Как Лапшин читал Гоголя
– Вы что такой зеленый, товарищ Лапшин? – спросил Дзержинский. – И не просто зеленый, а даже ярко-зеленый. Недоедаете? Больны?
Иван Михайлович ответил не сразу. Ему было стыдно жаловаться на свои недомогания, но Дзержинский спрашивал строго, и Лапшину пришлось сознаться, что чувствует он себя день ото дня хуже, есть ничего не хочется, по ночам потеет.
– И вот эдакий кашель? Да? Мухи перед глазами летают? Слабость? Одышка? Не туберкулез ли? Вы знаете, что такое туберкулез?

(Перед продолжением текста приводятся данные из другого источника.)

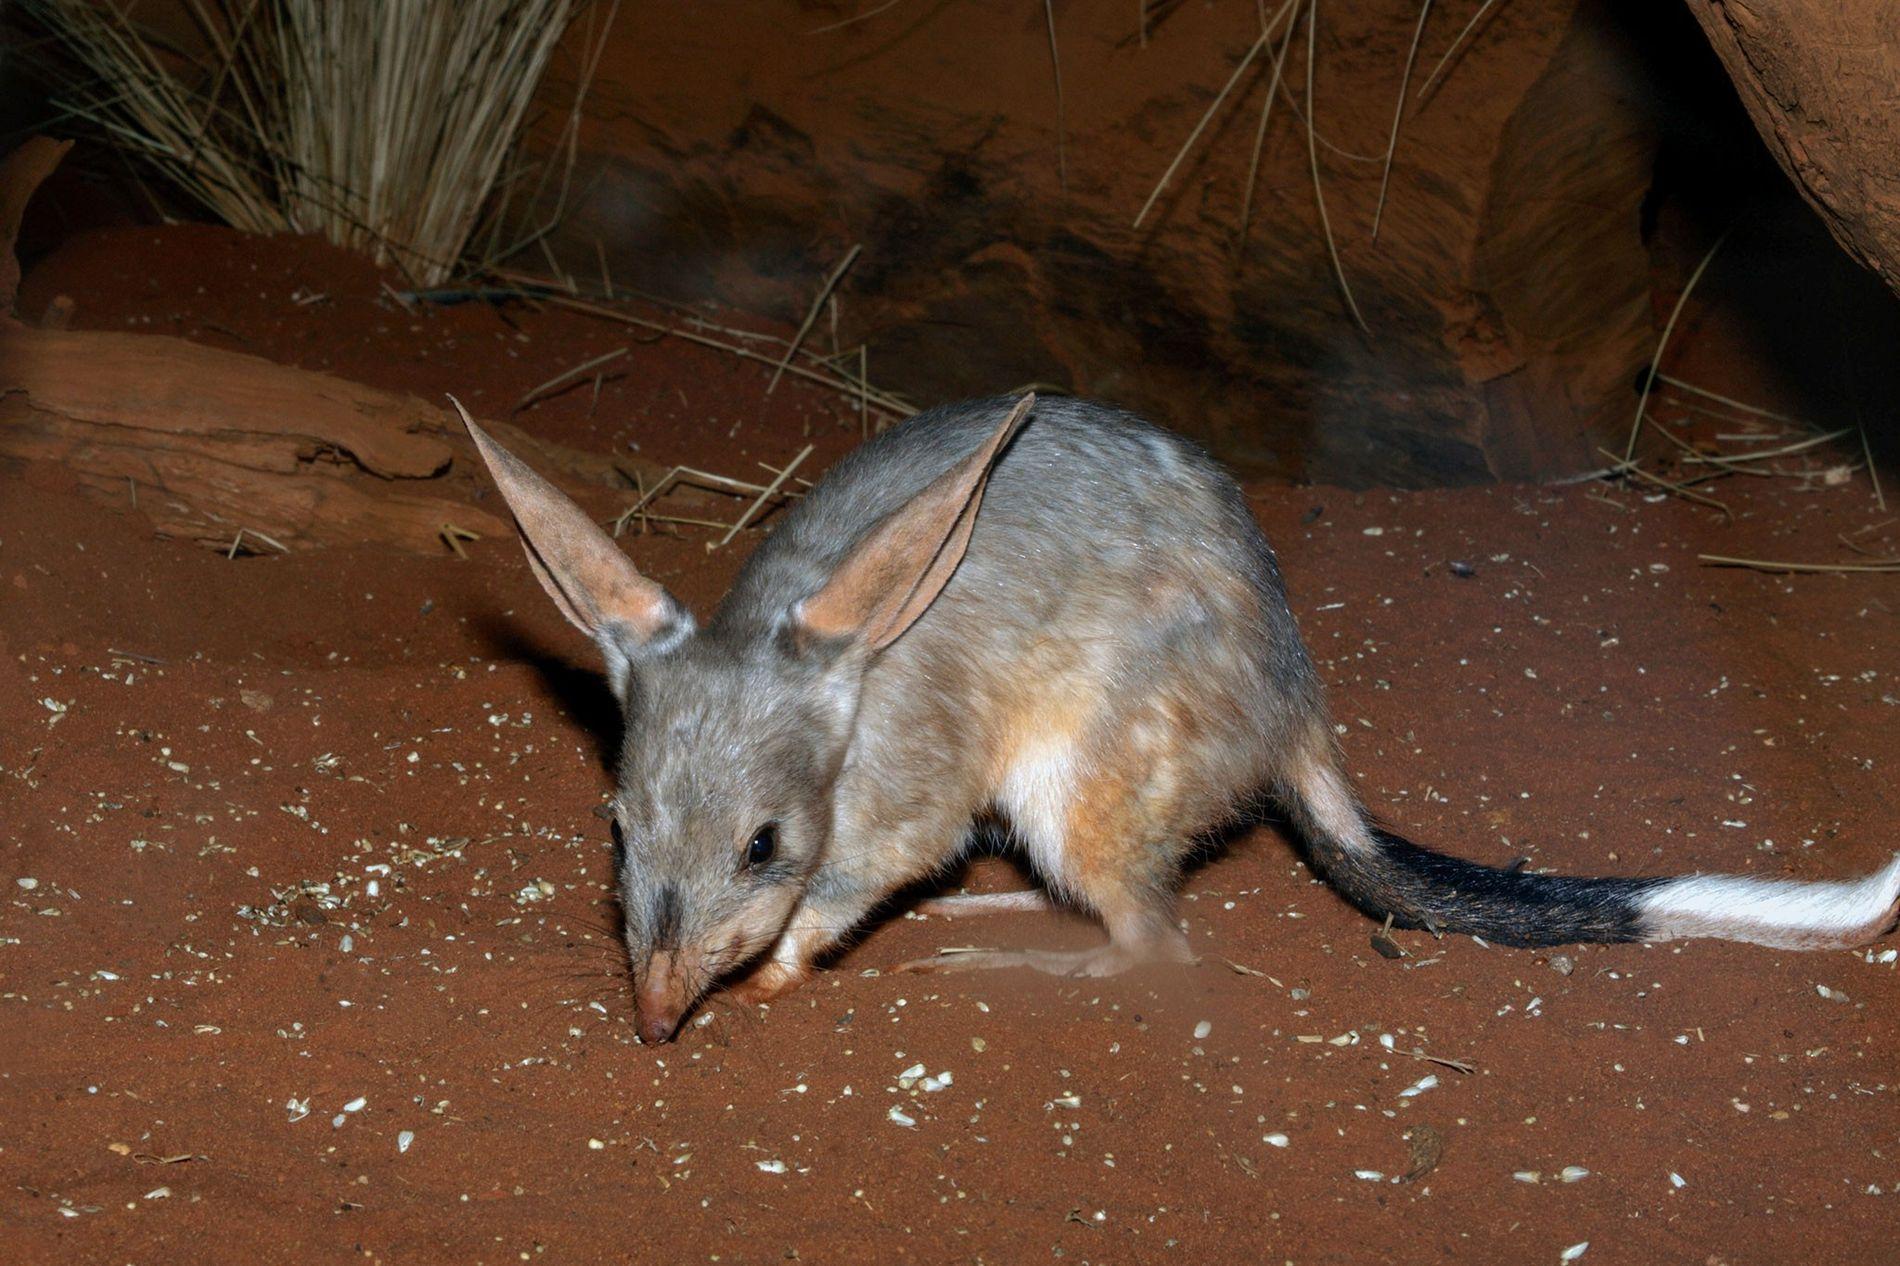 Un bilbi mayor, un marsupial originario de Australia, cava complejas madrigueras para combatir el calor.

– Грудная болезнь, Феликс Эдмундович?
– Грудная болезнь, – не торопясь, грустно повторил Дзержинский. – Грудная… Послушайте, а какое у вас образование?
– Три класса церковно-приходского…
– А потом?
Лапшин молчал.
– Так, так… церковно-приходского… Сами сейчас хоть немного занимаетесь?
– Не занимаюсь, – едва слышно ответил Лапшин. – Некогда, Феликс Эдмундович. Газеты вот – это, конечно, читаю. В двадцатом, когда ранили меня, отдыхал в госпитале, тогда «Коммунистический манифест» проработал, еще песенник прочитал.
– Ну а «Мертвые души» вы, например, читали?
– Не читал.
– Прочтите.
И с коротким вздохом Феликс Эдмундович прибавил:
– Есть много прекрасных книг на свете, товарищ Лапшин. Великолепных. А «Мертвые души» – прочитайте.
Это название он тогда запомнил. И когда его выслушивали и выстукивали врачи в санчасти на Лубянке, и когда ехал он в поезде и выходил прогуляться по тихим южным перрончикам, где шелестели акации, и на линейке, которая везла его в санаторий (тогда здесь и помину не было об автобусах), – он часто шепотком повторял про себя: «Мертвые души»…
В первый же день санаторного жилья он пошел в библиотеку и строгим голосом спросил:
– Есть у вас книга «Мертвые души»?
– Гоголь? Есть, – ответила старенькая библиотекарша.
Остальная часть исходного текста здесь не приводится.